Dari KH. Hasyim Asy’ari ke Ribut Nasab: Jangan Bikin Musuh Tepuk Tangan
"Dari KH. Hasyim Asy’ari ke Ribut Nasab: Jangan Bikin Musuh Tepuk Tangan"
✍️ Tamzilul Furqon
Belakangan ini, saya lihat di media sosial, isu nasab lagi naik daun. Grup WA rame, status Facebook memanas, komentar di TikTok penuh debat. Bahkan ada yang sampai blokir temannya sendiri gara-gara beda pandangan. Kadang saya cuma bisa senyum miris — ini seperti dua orang rebutan sajadah di masjid, saling tarik sampai ujungnya sobek, dan shalatnya malah nggak jadi.
Coba kita mundur ke tahun 1945. Waktu itu Indonesia baru saja merdeka, tapi belum benar-benar aman. Sekutu datang, NICA ikut numpang, dan aroma mesiu sudah tercium sampai kampung-kampung. Di tengah situasi genting itu, KH. Hasyim Asy’ari — ulama kharismatik, pendiri Nahdlatul Ulama — mengeluarkan Resolusi Jihad. Fatwanya jelas: membela tanah air dari penjajah hukumnya fardhu ‘ain bagi setiap muslim di sekitar medan perang.

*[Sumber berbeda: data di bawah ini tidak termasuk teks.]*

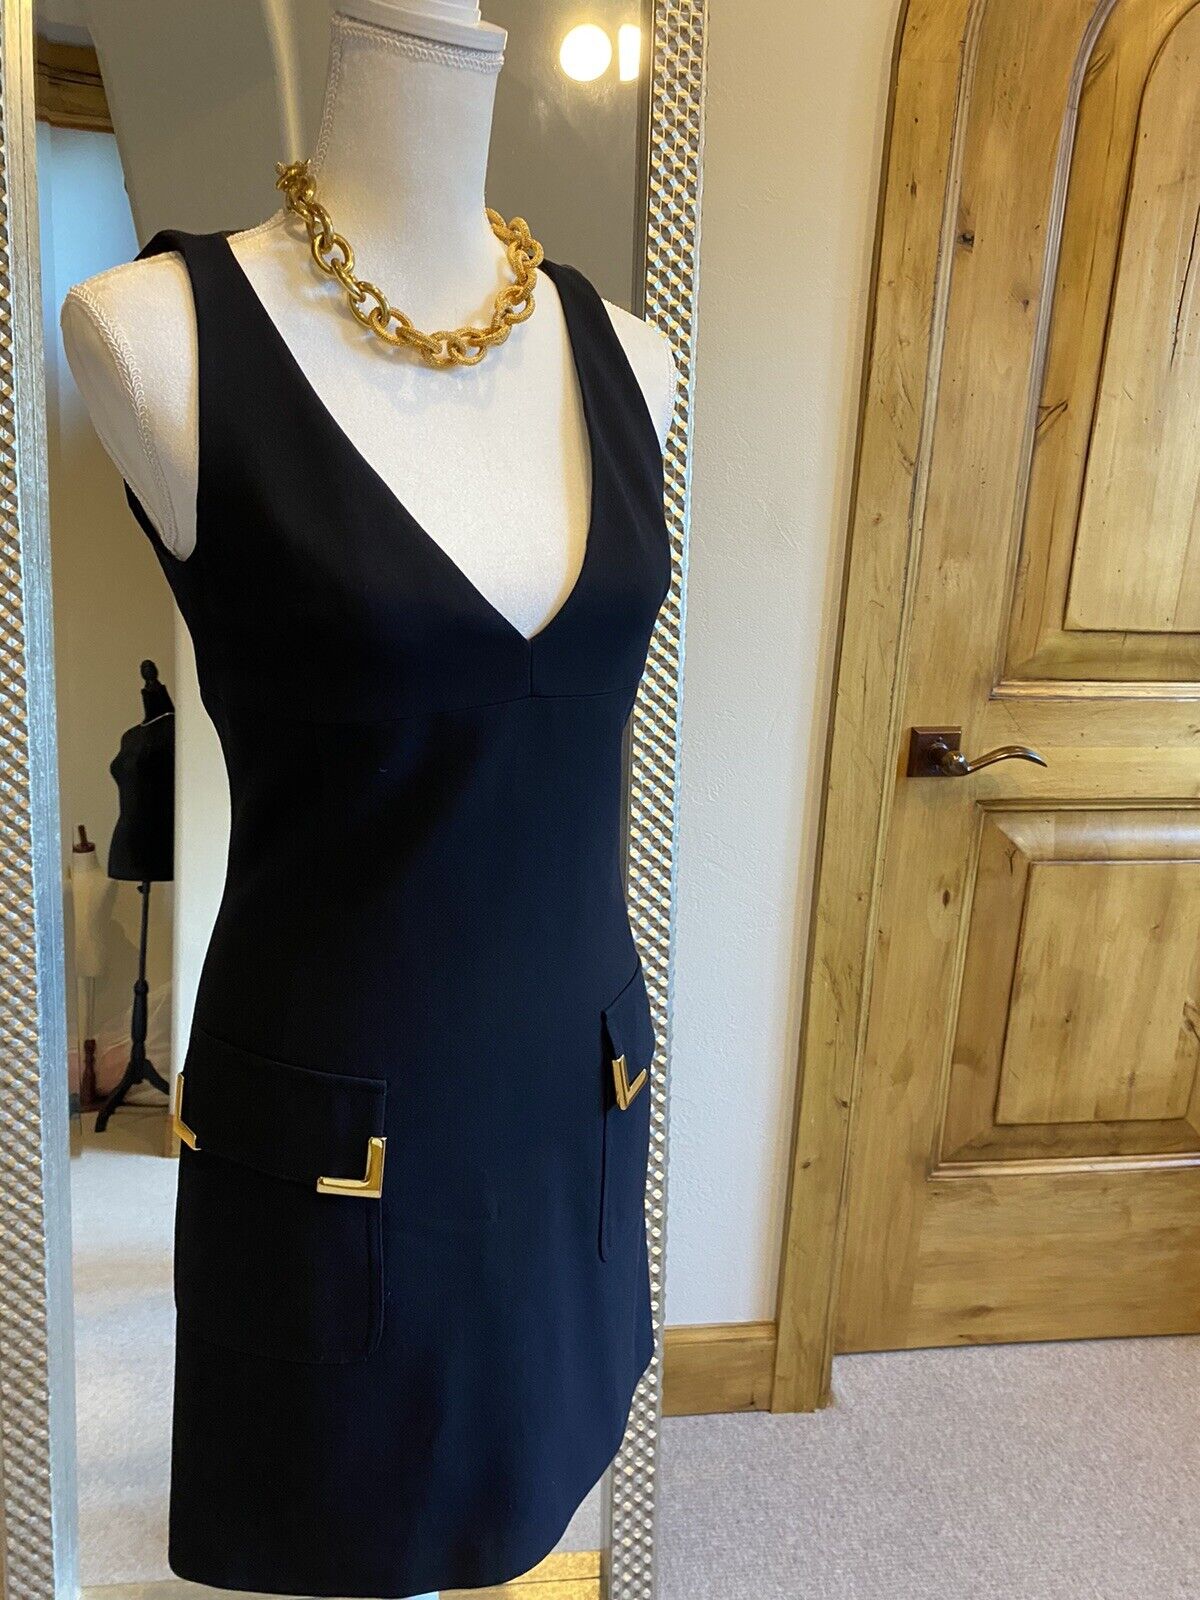 Michael Kors New V-Neck Blue Mini Dress w/Gold Accented Pockets US Size 4 |  eBay

Yang menarik, beliau tidak berkata, “Lihat dulu nasabmu siapa,” atau “Kalau bukan dari garis ini, minggir.” Tidak. Yang ada justru ajakan untuk bersatu. Ulama, santri, pedagang, rakyat jelata — semua diminta berdiri di barisan yang sama. Perbedaan mazhab, ormas, bahkan adat daerah, ditahan dulu. Sebab beliau tahu, saat itu kita hanya punya dua pilihan: bersatu atau hancur.
Sekarang bandingkan dengan hari ini. Dulu para ulama memutar otak untuk menyatukan umat demi kemerdekaan. Sekarang, sebagian kita justru memisahkan umat demi memenangkan debat garis keturunan. Padahal kalau kita mau jujur, perpecahan ini tidak akan membuat kita lebih mulia di mata Allah, tapi malah membuka celah untuk pihak yang senang melihat umat tercerai-berai.

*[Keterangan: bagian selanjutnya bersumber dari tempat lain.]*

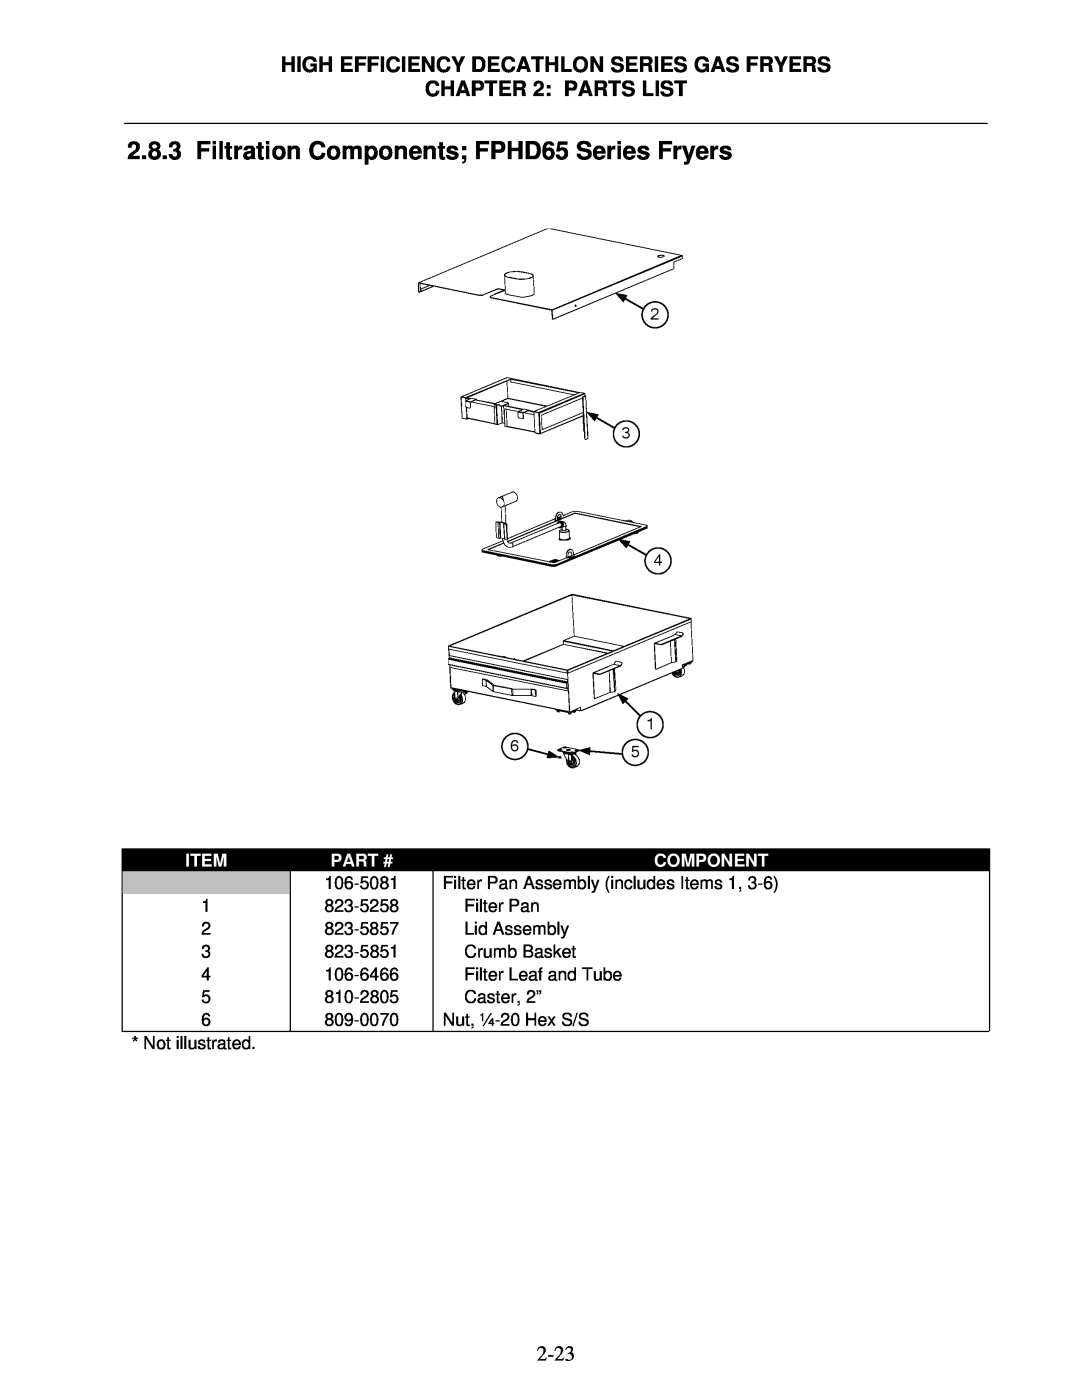 Frymaster Filtration Components; FPHD65 Series Fryers, High Efficiency Decathlon Series Gas Fryers, Parts List, Item

Bayangkan kalau KH. Hasyim Asy’ari hadir di tengah kita hari ini, melihat perdebatan yang tak kunjung selesai. Mungkin beliau akan memandang kita dengan tatapan teduh, lalu berkata pelan tapi tegas:
> “Nak… dulu kami bertaruh nyawa untuk membuat kalian bisa duduk bersama seperti ini. Jangan habiskan kemerdekaan itu hanya untuk saling menjatuhkan.”
Karena pada akhirnya, garis keturunan tidak akan berarti banyak jika kita kehilangan persaudaraan. Kita ini satu shaf di hadapan Allah, bukan satu barisan di hadapan algoritma media sosial. Perbedaan itu wajar, tapi kalau perbedaan membuat kita lupa saling menghormati, berarti ada yang salah — bukan pada nasab kita, tapi pada hati kita.
Kalau dulu KH. Hasyim Asy’ari bisa menahan ego demi satu tujuan besar, masa kita yang hidup di zaman kopi susu dan internet cepat ini kalah dewasa? Mari kita warisi bukan cuma cerita perjuangannya, tapi juga kebijaksanaan beliau menjaga persatuan.